The final step of this process is filing Form I-485, the application for lawful permanent residence. To complete this form, you will need to provide information about yourself, your family, and your eligibility for adjustment of status. Supporting documents such as a valid passport, birth certificate, marriage certificate, or other documents are also required. In addition, you will need to pay the filing fee for Form I-485, currently $1,140 and plus a biometric fee of $85. If your application is approved, you will become a permanent resident of the United States.

Attend a Biometrics Appointment

One of the steps in the adjustment of status process is the biometrics appointment.

At the biometrics appointment, you will need to visit a designated Application Support Center (ASC). Make sure to bring a valid form of identification such as a driver’s license or passport. At the ASC, you will have your photo taken and fingerprints scanned. If you are a minor, at least one of your parents must be present. The biometrics appointment typically takes about 30 minutes.

Attend an Interview (if Applicable)

After reviewing the submitted information, the USCIS may then schedule an interview with the applicant. It is important to prepare for this interview in order to ensure a successful outcome. All necessary documents and records should be gathered in advance. This includes any forms that need to be filled out and submitted to the USCIS. It is also important to be prepared to answer questions about the application, the applicant’s background, and their relationship to the petitioner.

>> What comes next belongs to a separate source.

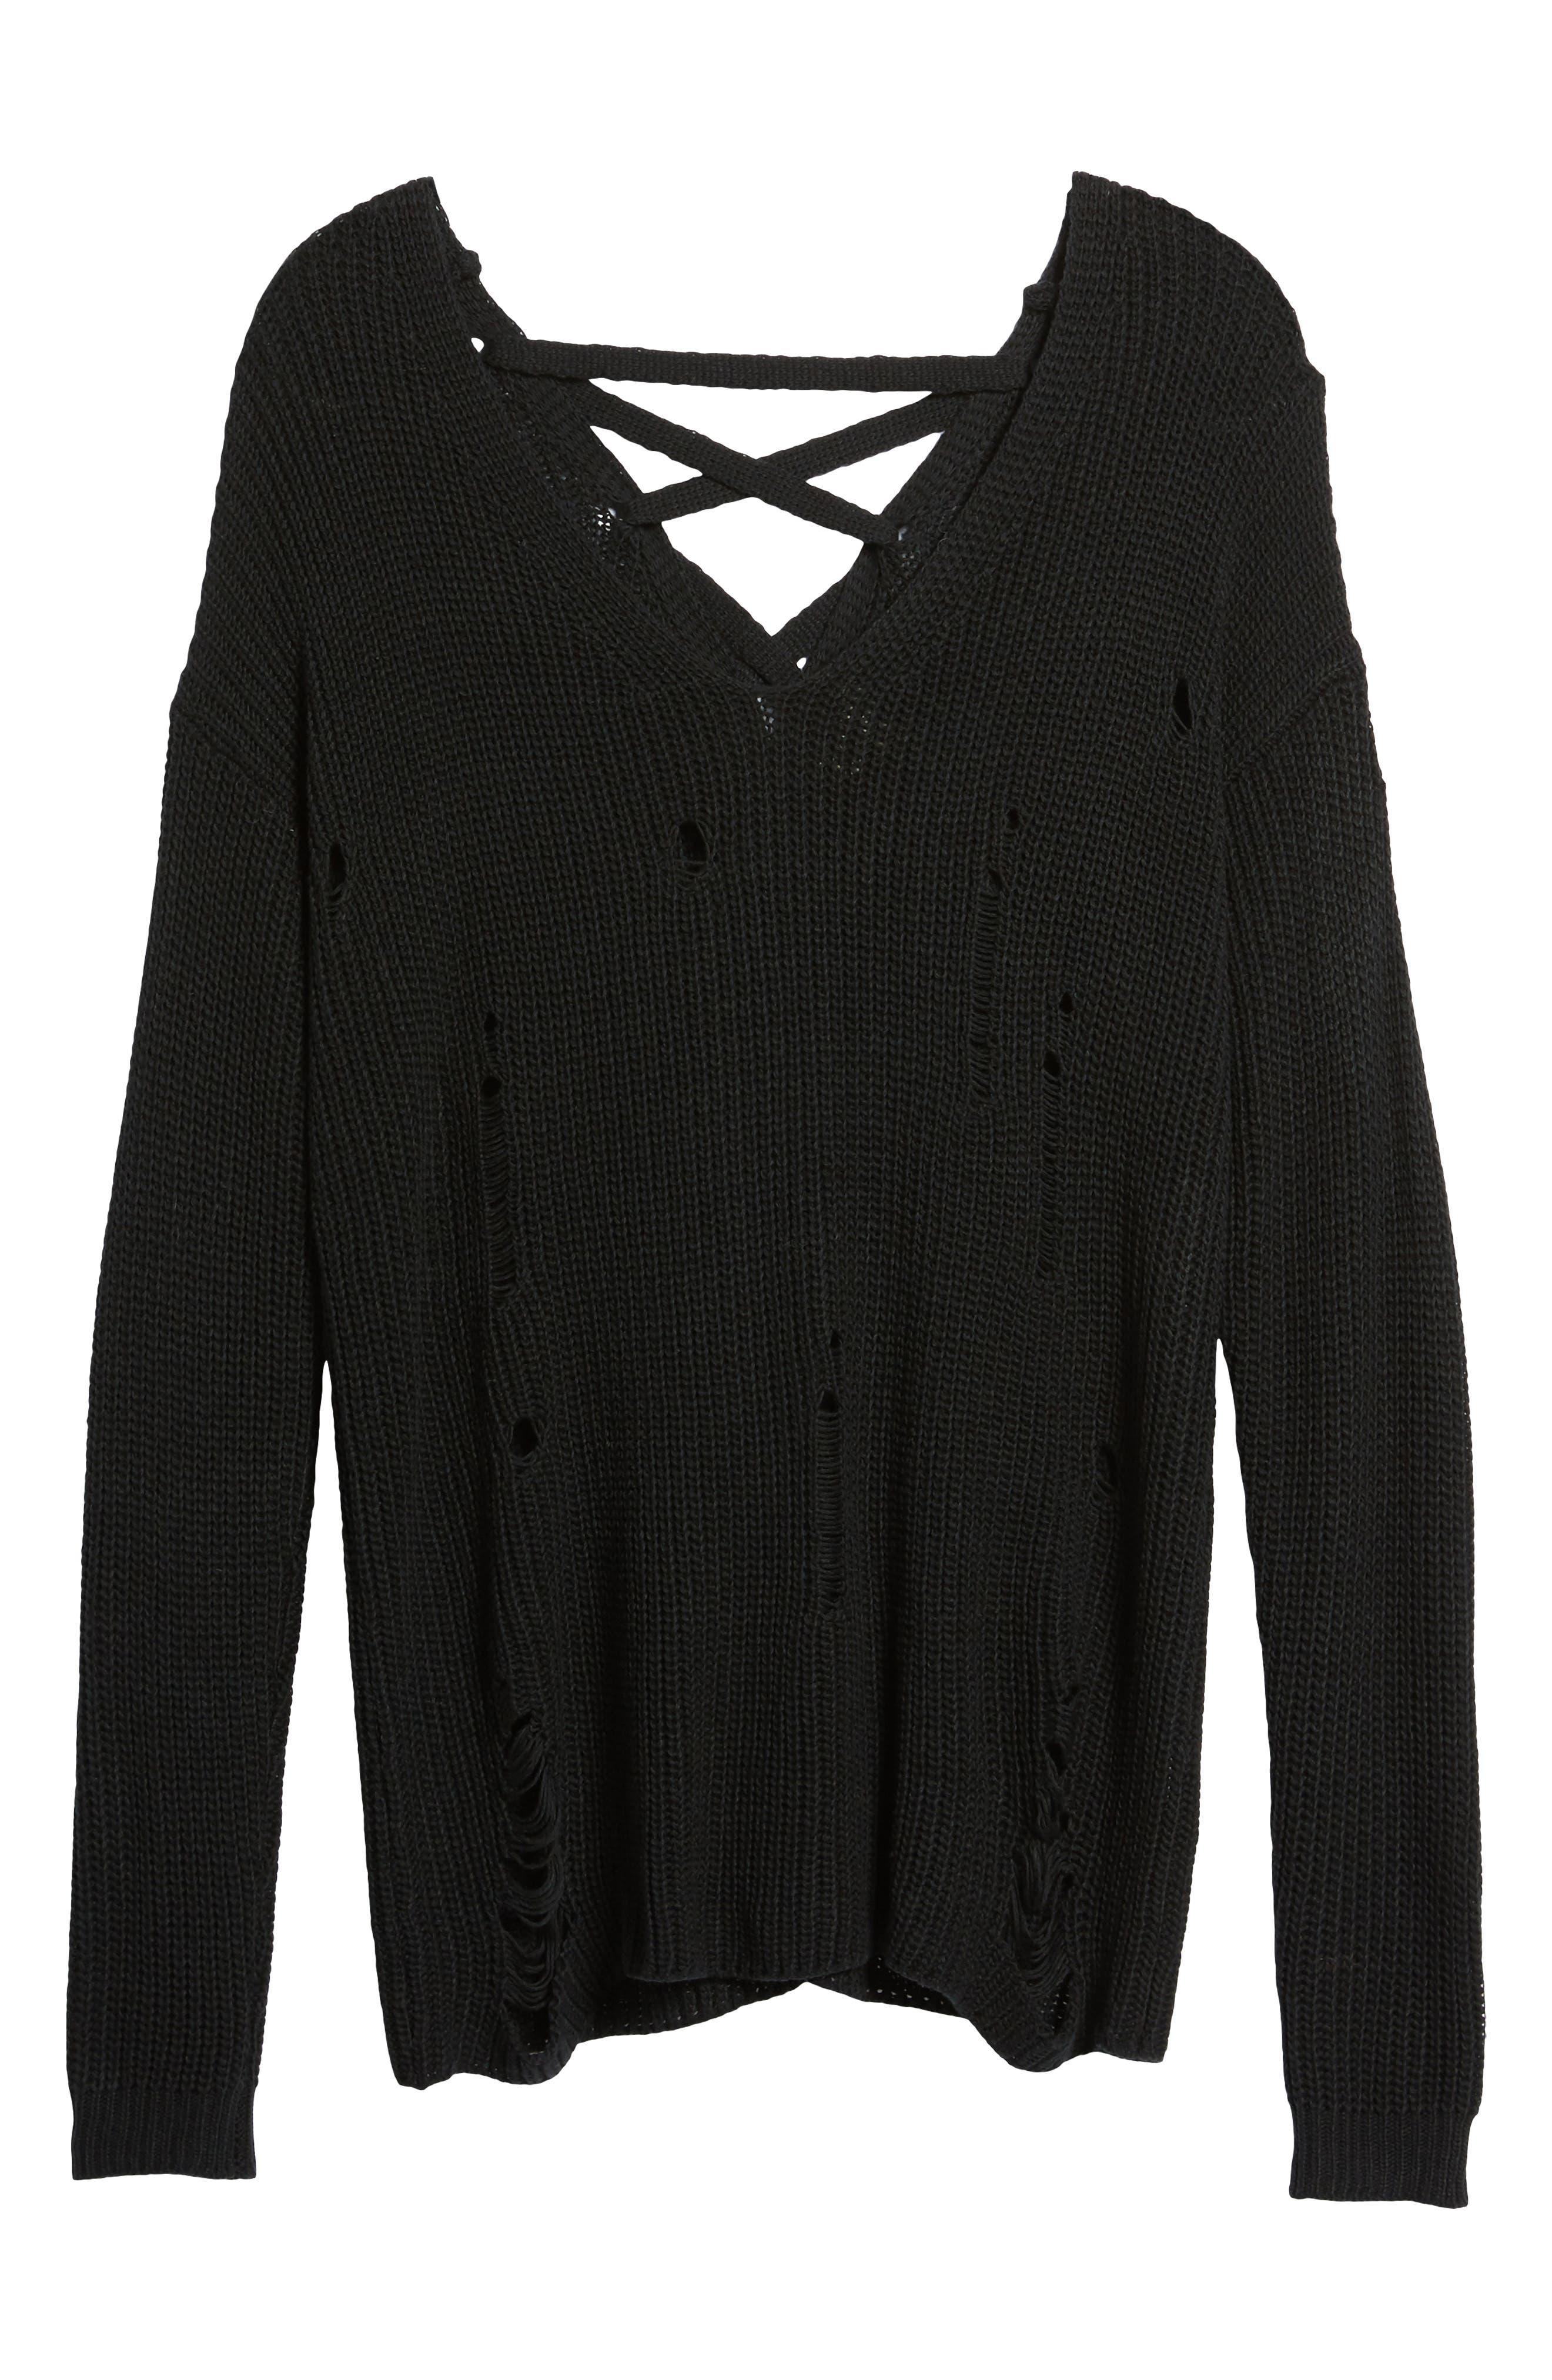 Cyndi Sweater,                             Alternate thumbnail 8, color,                             Black

In addition to preparation, it is important to dress professionally for the interview. The applicant should also be sure to bring any documents requested by the USCIS. If necessary, an interpreter should be brought along, as well. When answering questions, the applicant should be sure to speak truthfully and provide complete and accurate answers. Finally, they should be courteous to the USCIS officer.

By taking all of these steps into account, the applicant will be in a better position to have a successful adjustment of status interview.

Present Additional Evidence (if Applicable)

The Adjustment of Status process can include presenting additional evidence (if applicable). This step is only necessary if U.S. Citizenship and Immigration Services (USCIS) requests additional evidence to complete the application. Examples of additional evidence that could be requested by USCIS include proof of a valid marriage, proof of accompanying children’s identity, proof of financial support, and/or additional documents to support eligibility. If any additional documents are requested, they must be submitted as soon as possible. Failure to submit the documents may lead to a delay or denial of the application.